*WORK ORDER*: The entries below should be quoted exactly, with no pictures carried over.

Start of PROVIDED MATERIAL

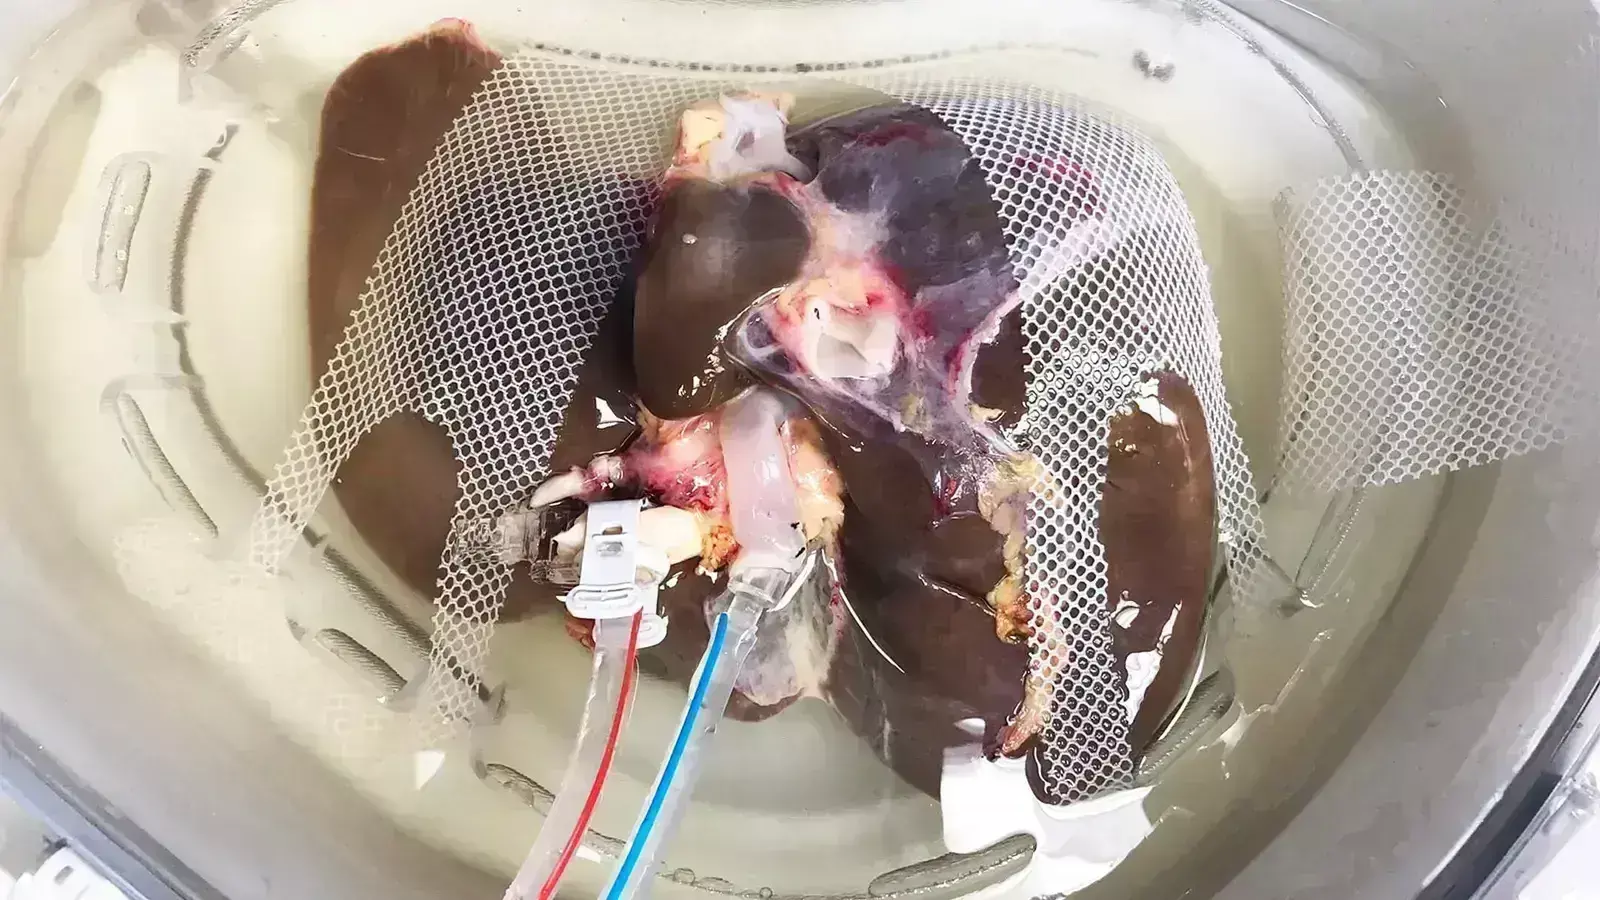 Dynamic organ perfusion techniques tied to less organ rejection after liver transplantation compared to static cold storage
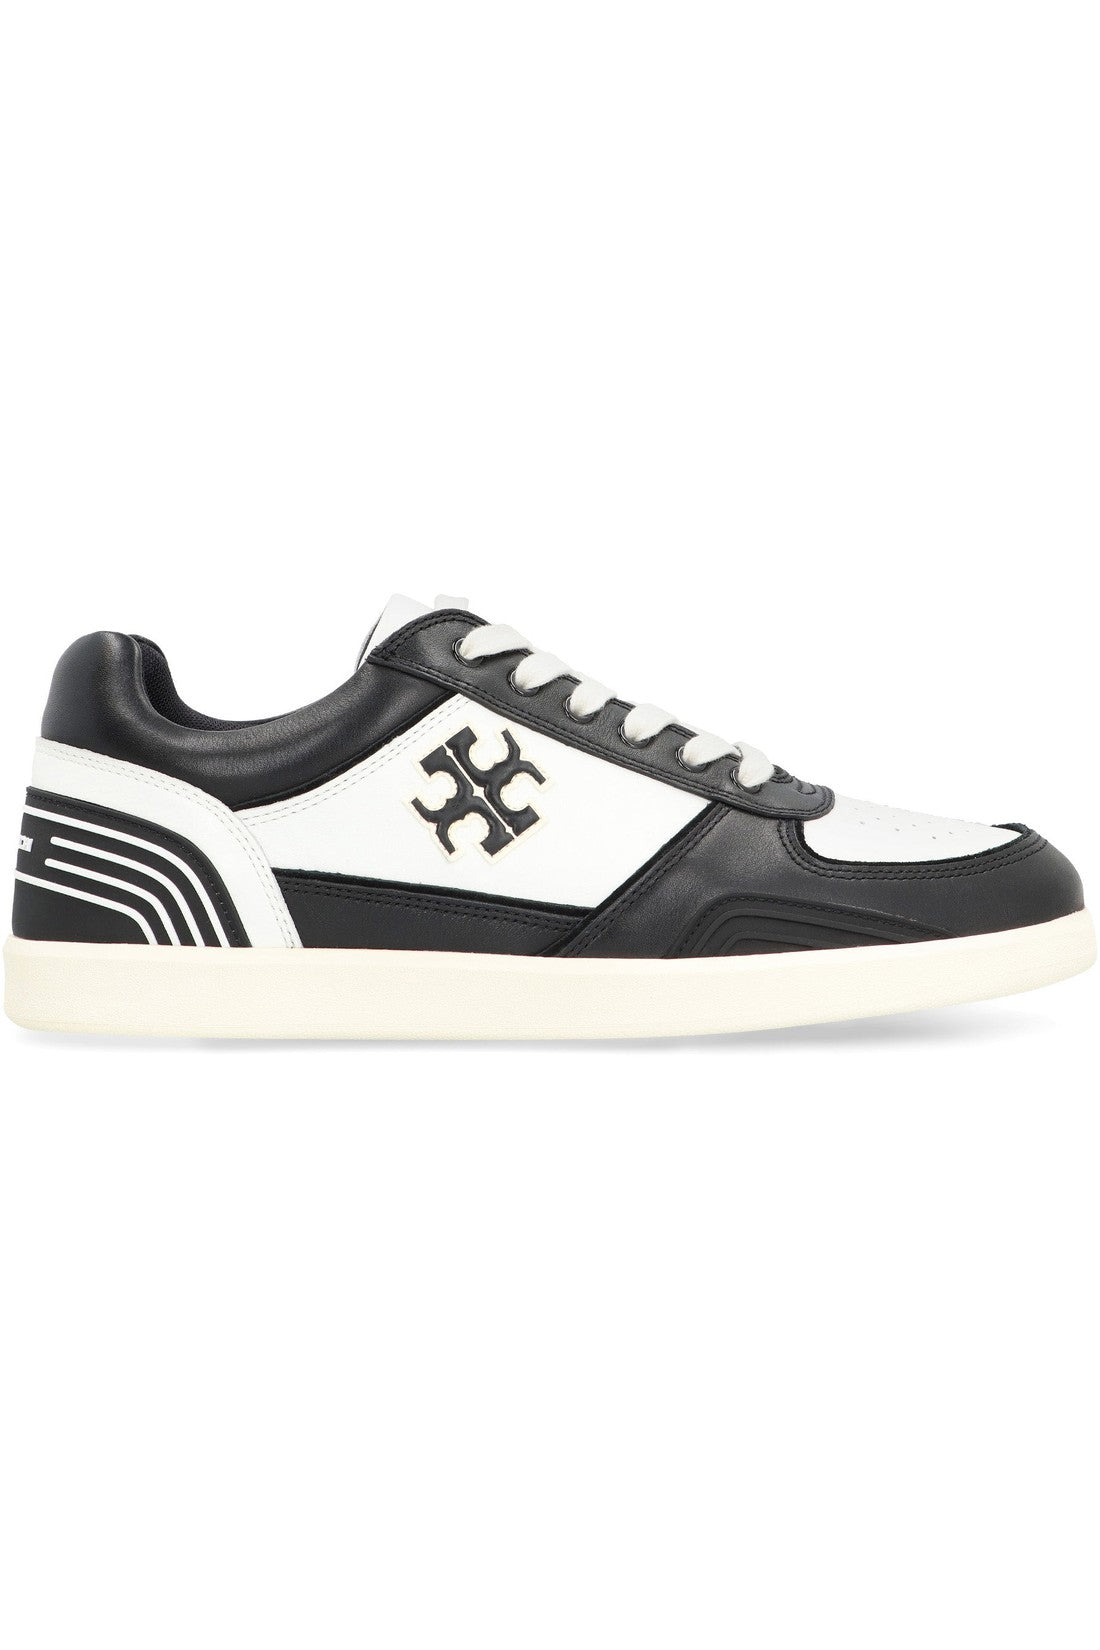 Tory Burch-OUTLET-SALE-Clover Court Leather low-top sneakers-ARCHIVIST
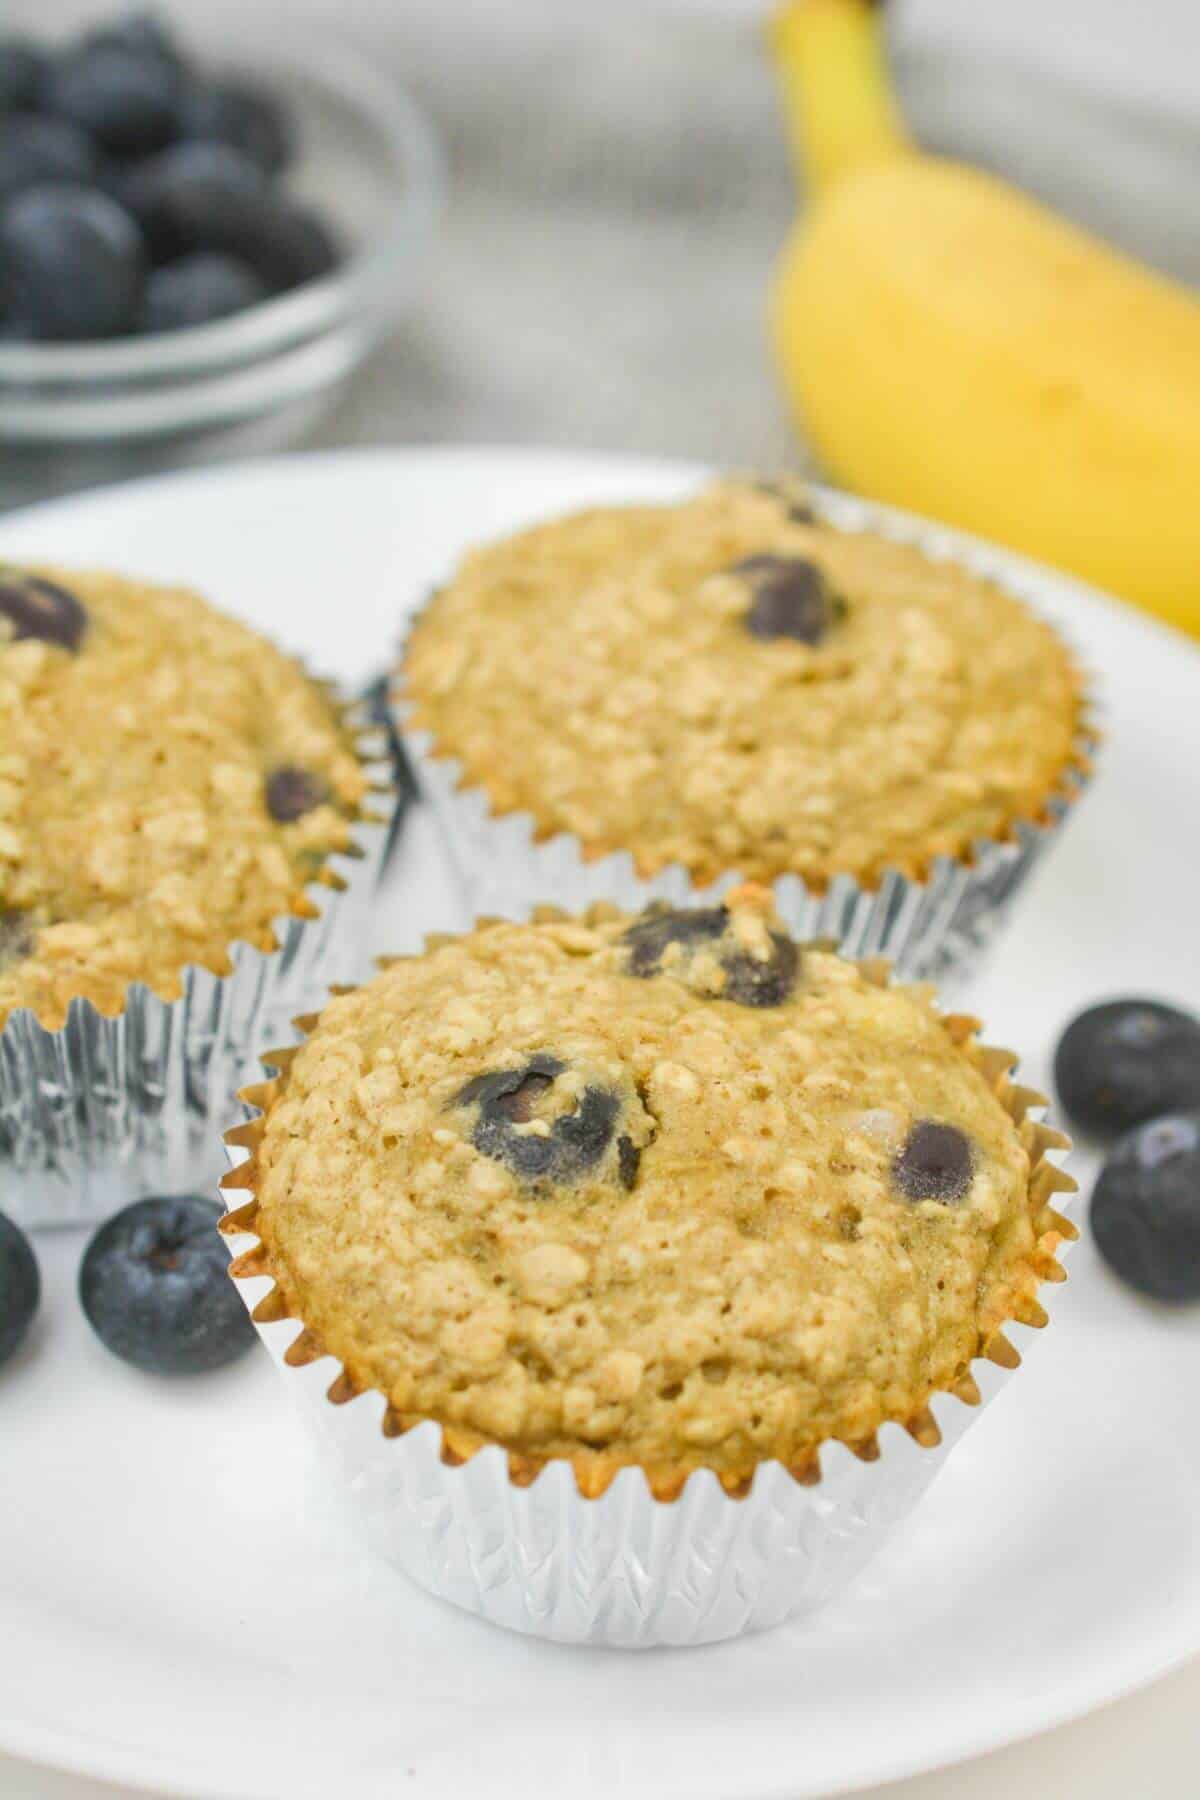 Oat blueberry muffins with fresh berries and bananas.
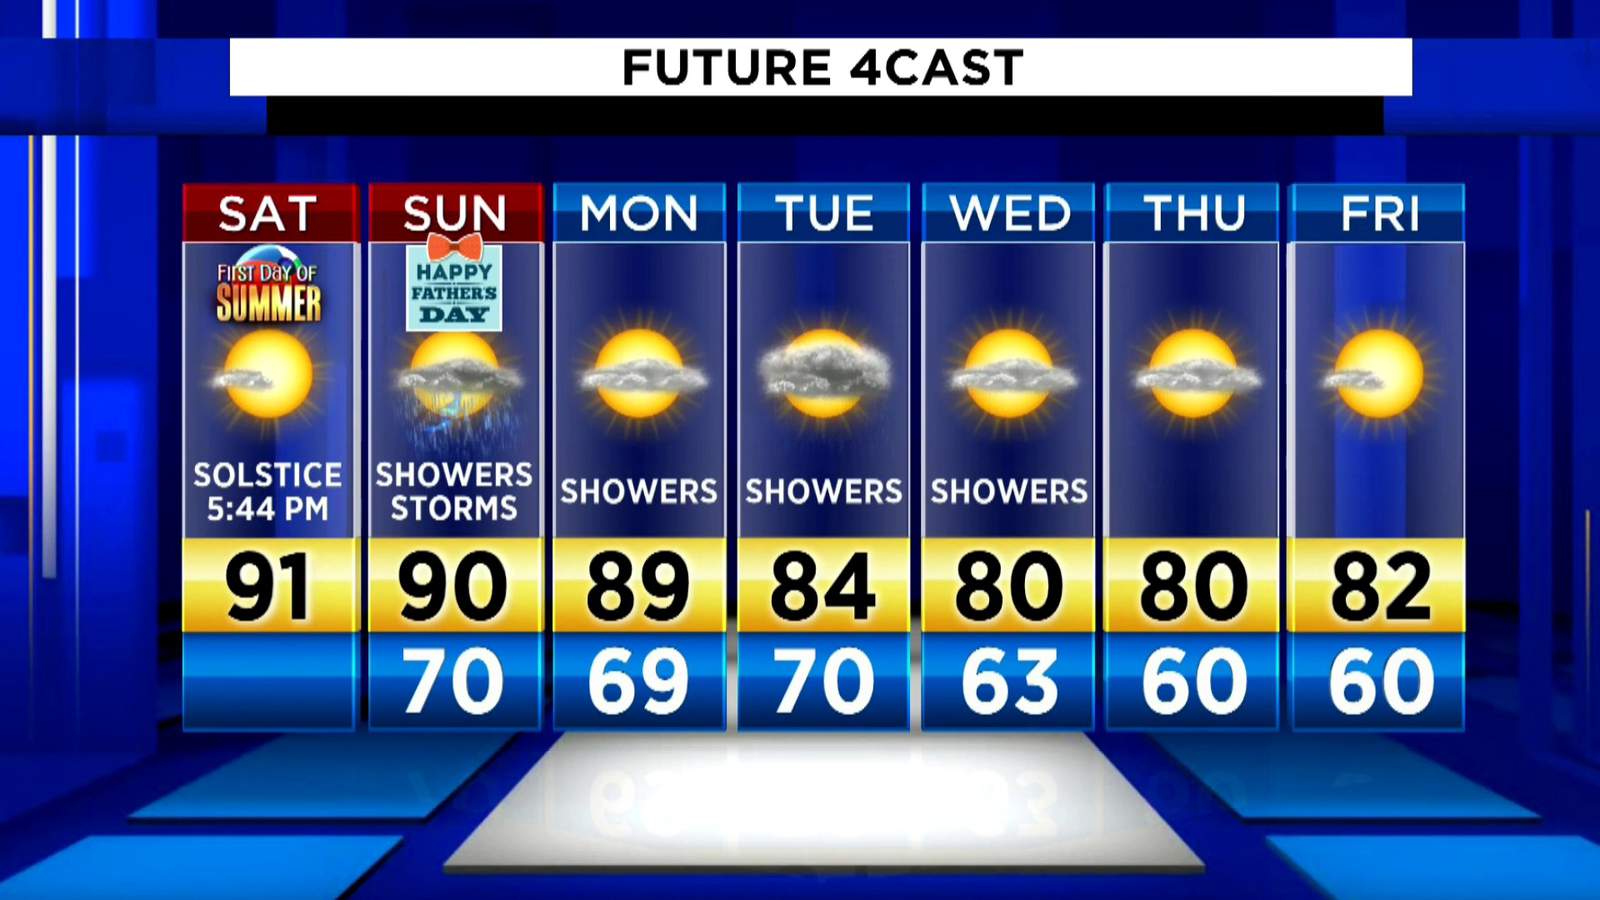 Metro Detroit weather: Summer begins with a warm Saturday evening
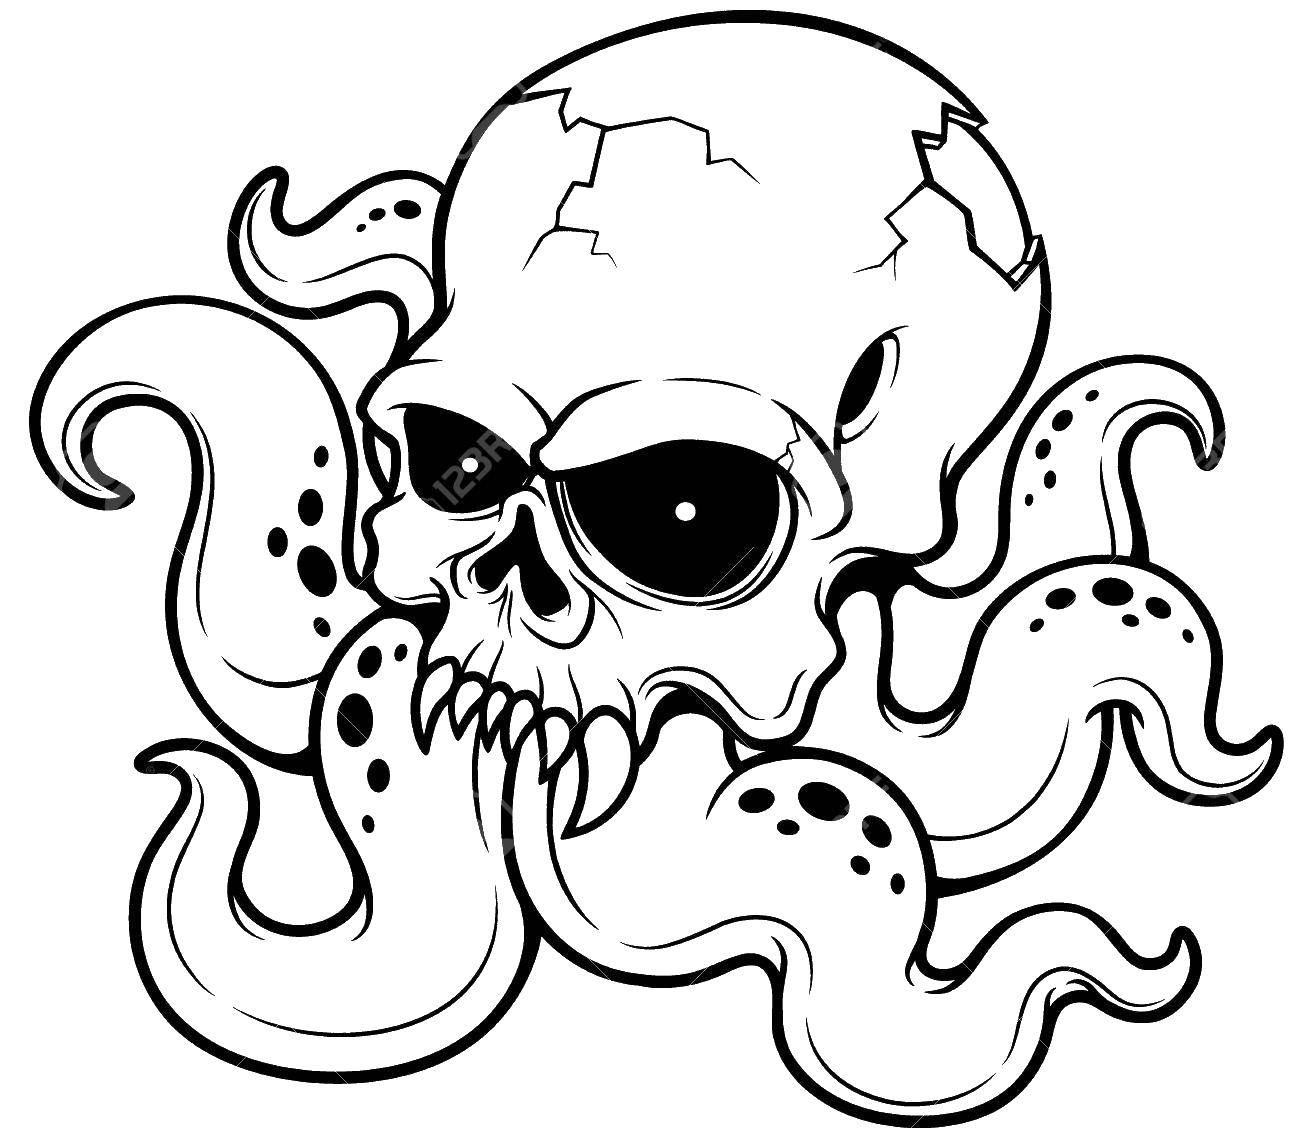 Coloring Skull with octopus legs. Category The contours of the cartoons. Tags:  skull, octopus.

End of PROVIDED MATERIAL

*YOUR SOLUTION*:
 Dynamic organ perfusion techniques tied to less organ rejection after liver transplantation compared to static cold storage
 Tory Burch-OUTLET-SALE-Clover Court Leather low-top sneakers-ARCHIVIST
 Oat blueberry muffins with fresh berries and bananas.
 Metro Detroit weather: Summer begins with a warm Saturday evening
 Coloring Skull with octopus legs. Category The contours of the cartoons. Tags:  skull, octopus.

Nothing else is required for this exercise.